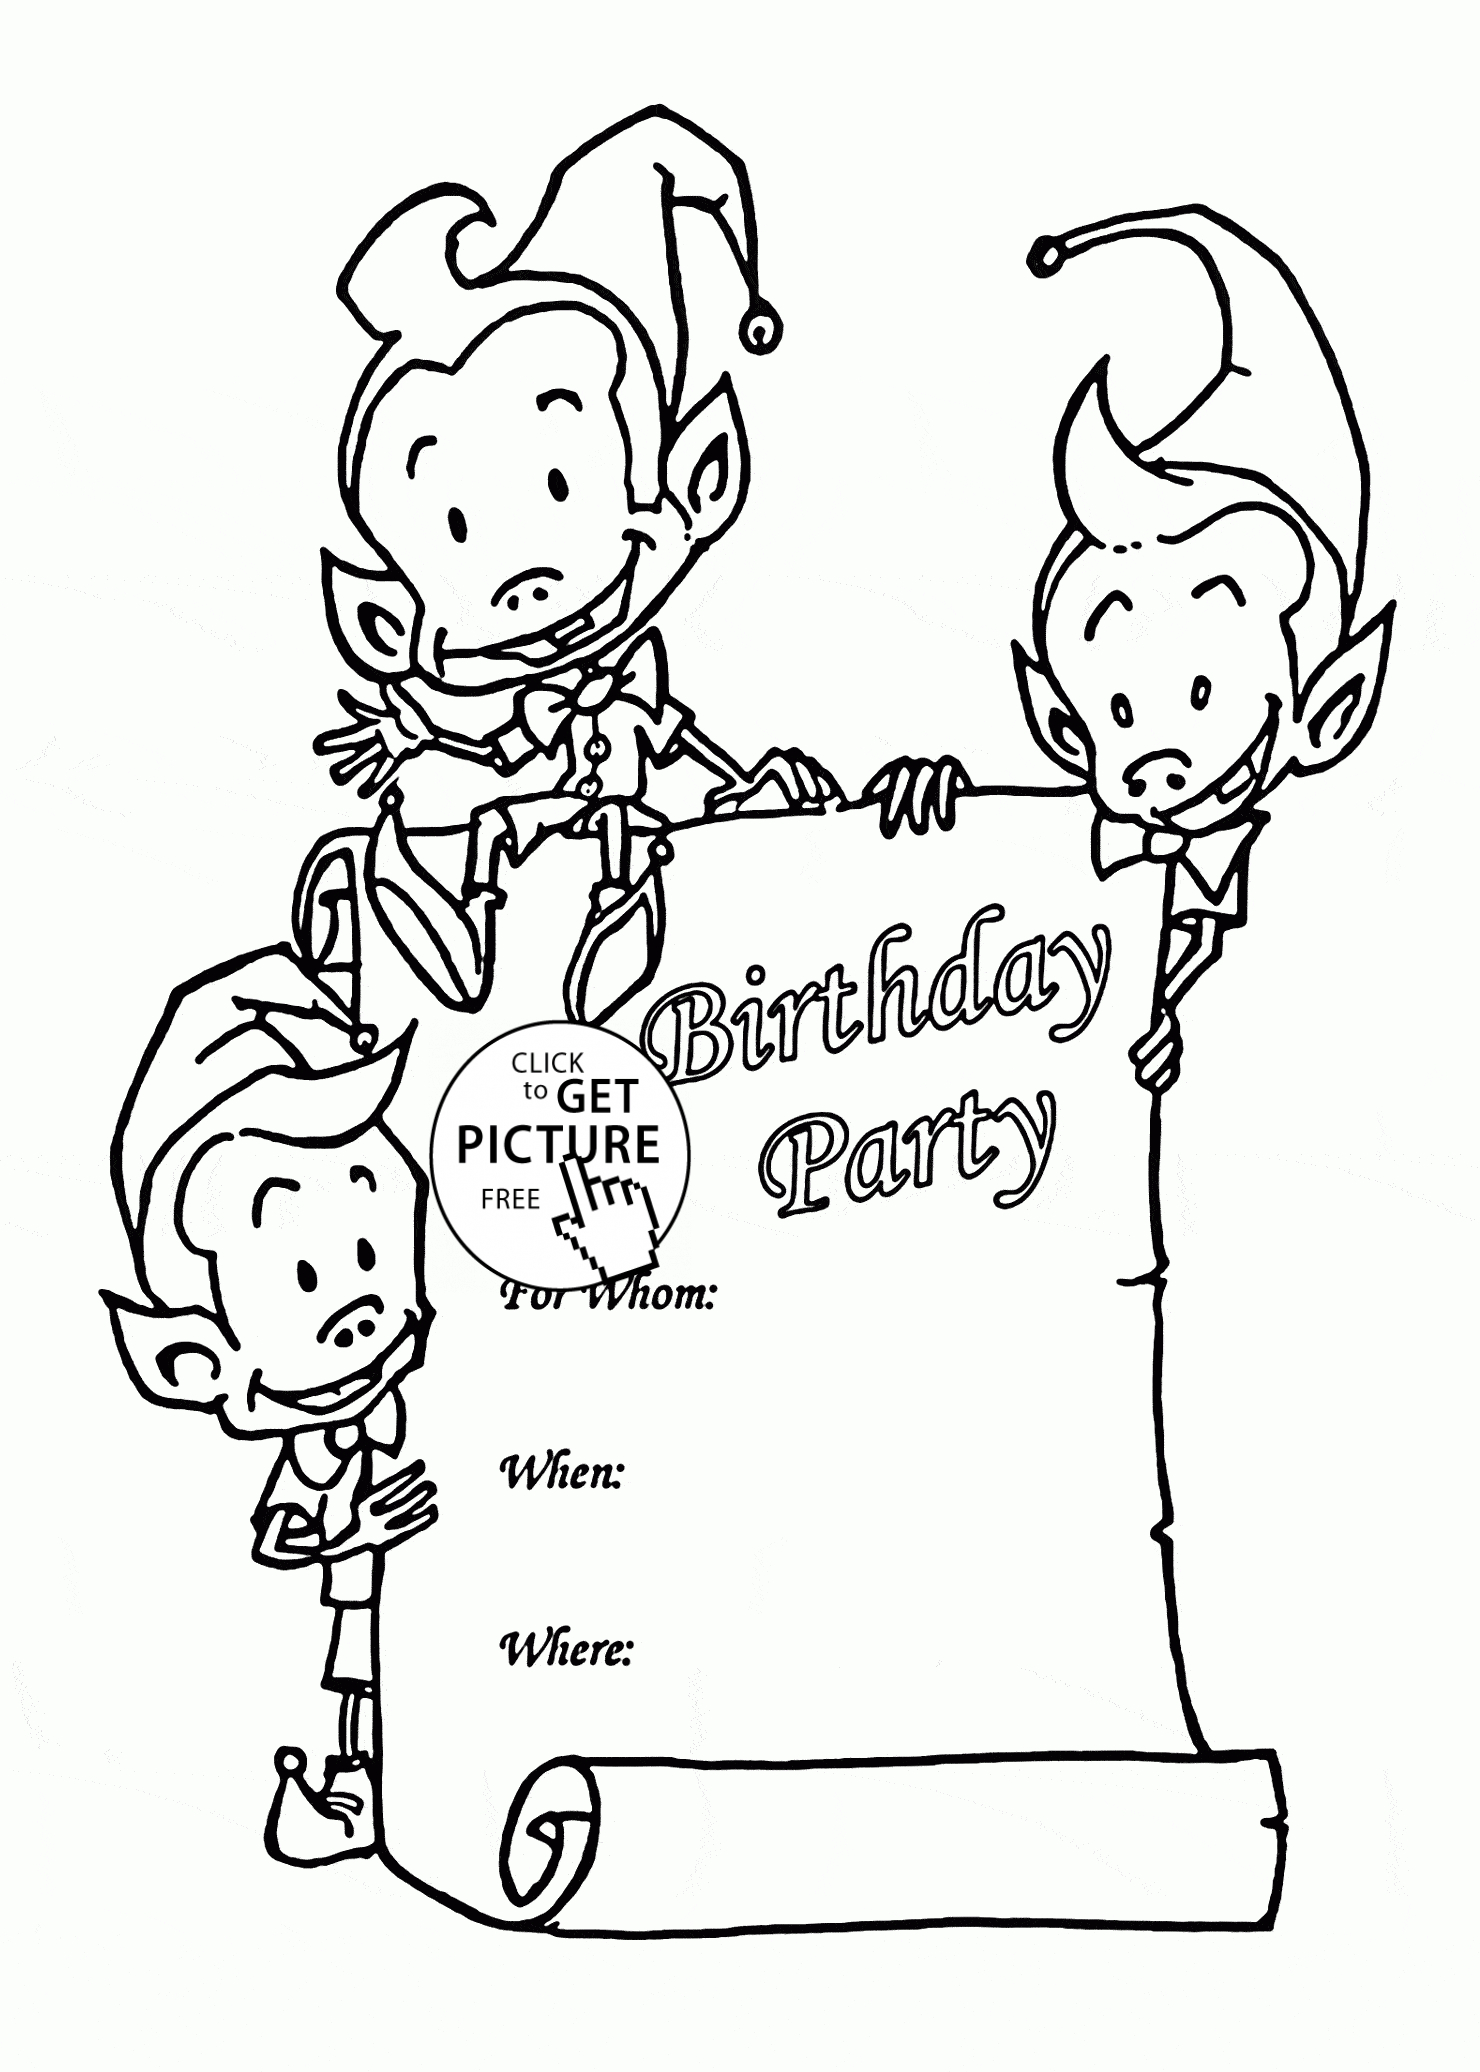 Elf Coloring Pages Printable Birthday Party Card With Funny Elves Coloring Page For Kids Holiday
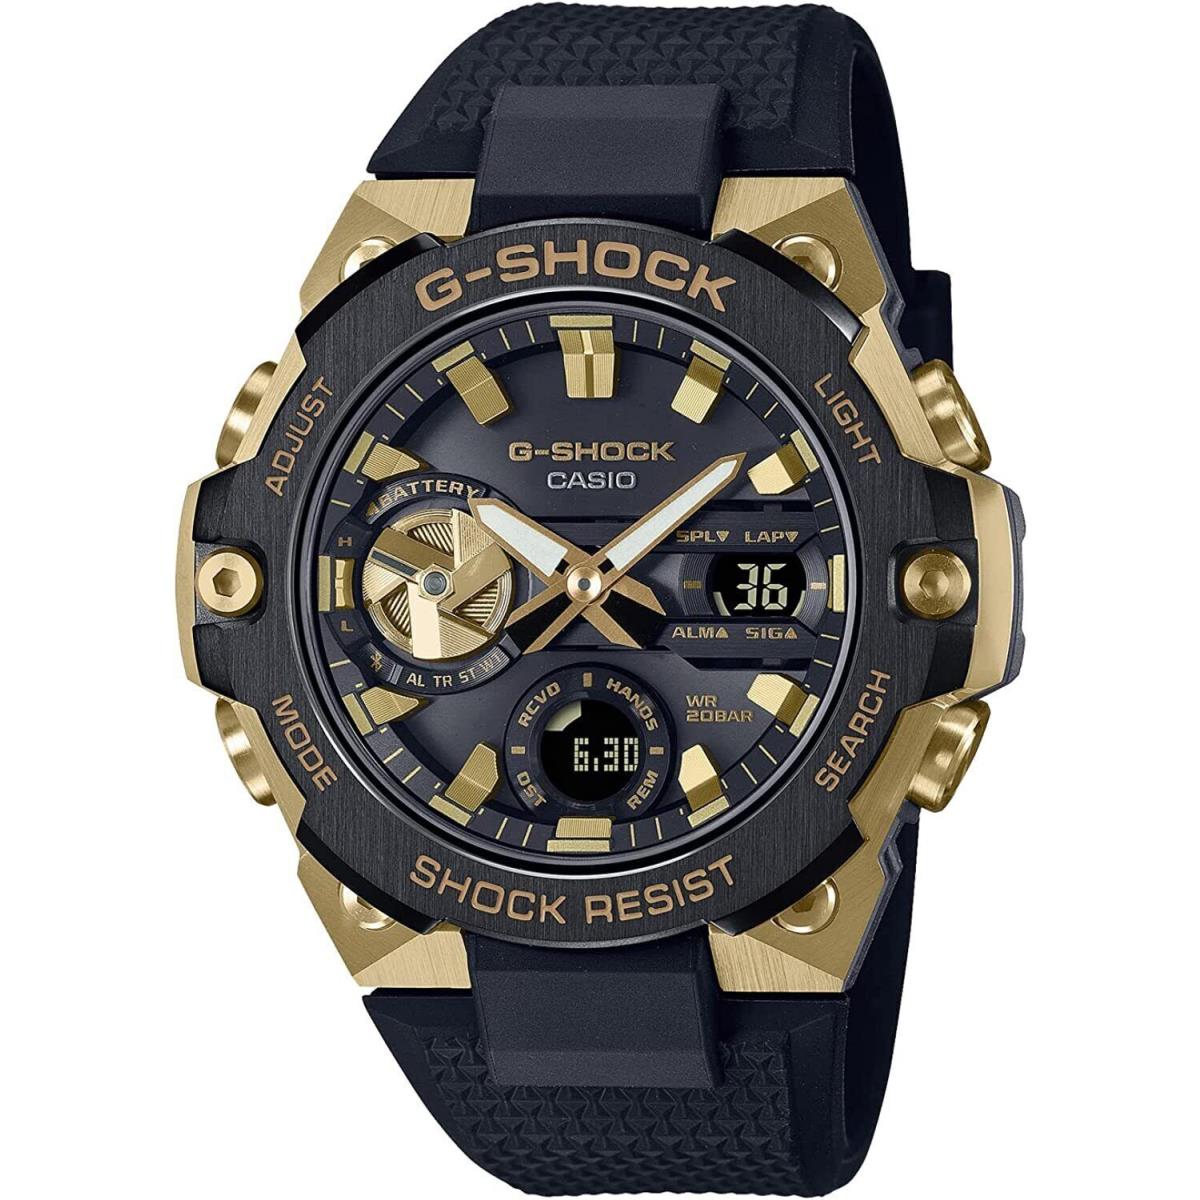 Casio G-shock GSTB400GB-1A9 G-steel Black and Gold Resin Case Black Band
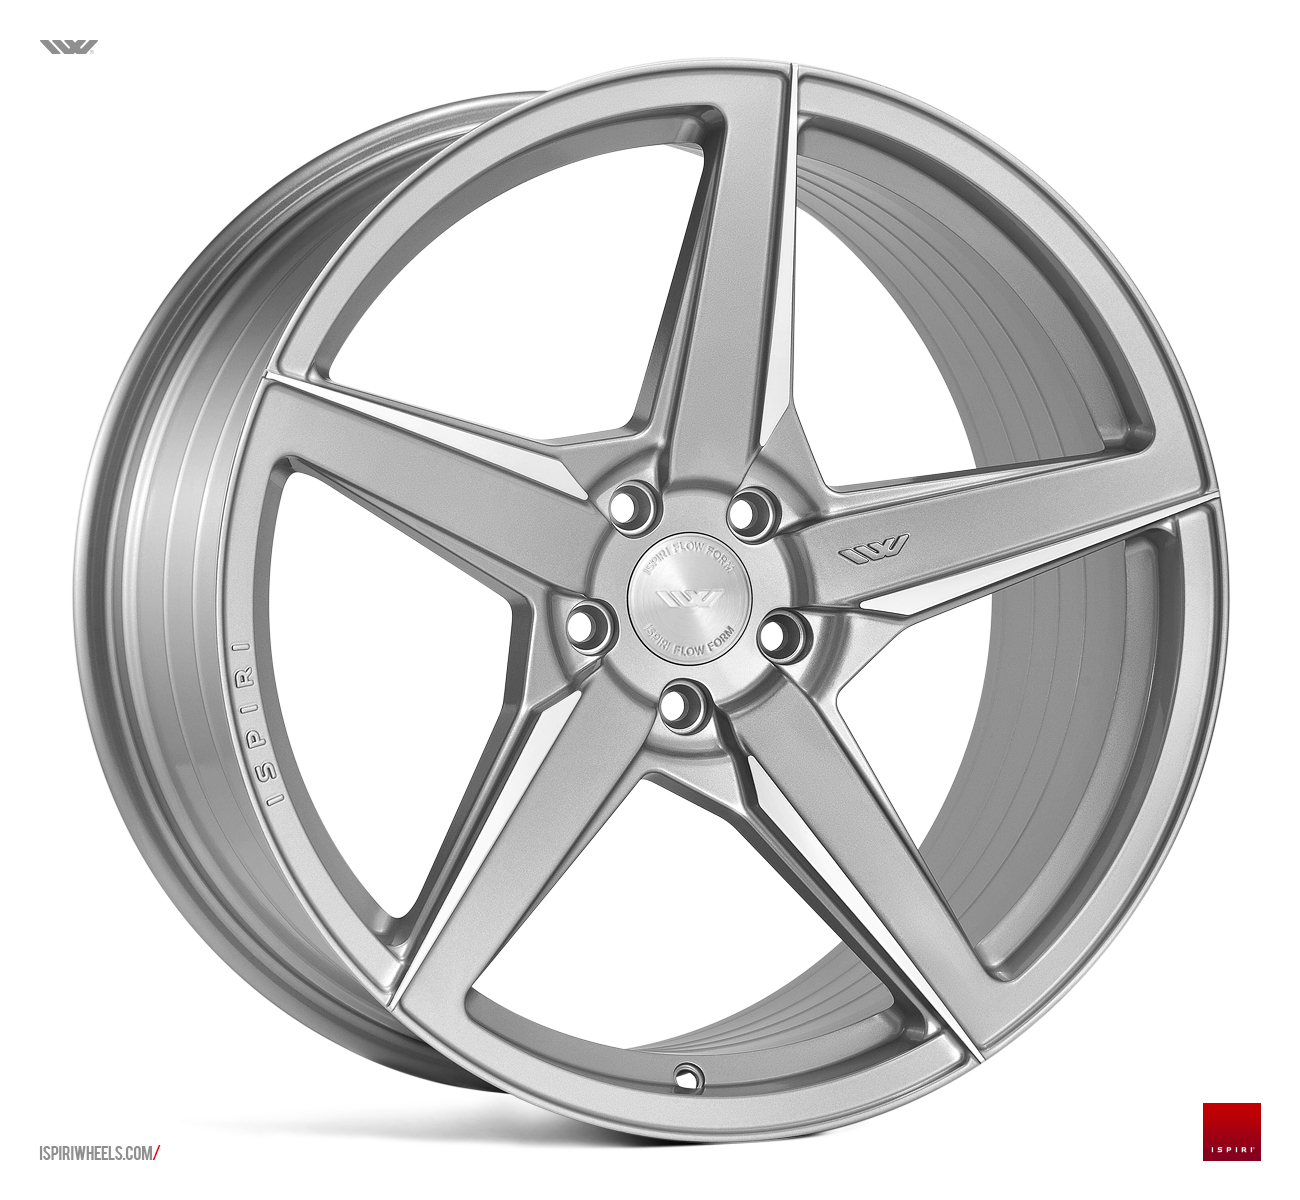 NEW 21" ISPIRI FFR5 5 SPOKE ALLOYS IN PURE SILVER BRUSHED, WITH WIDER 10.5" REAR

● Task description:
Each line from the one containing "Casio G-shock GSTB400GB-1A9" through the final line of the data must be reproduced exactly, both ends included, with no pictures in the copy.

● Response box:
 Casio G-shock GSTB400GB-1A9 G-steel Black and Gold Resin Case Black Band
 NEW 21" ISPIRI FFR5 5 SPOKE ALLOYS IN PURE SILVER BRUSHED, WITH WIDER 10.5" REAR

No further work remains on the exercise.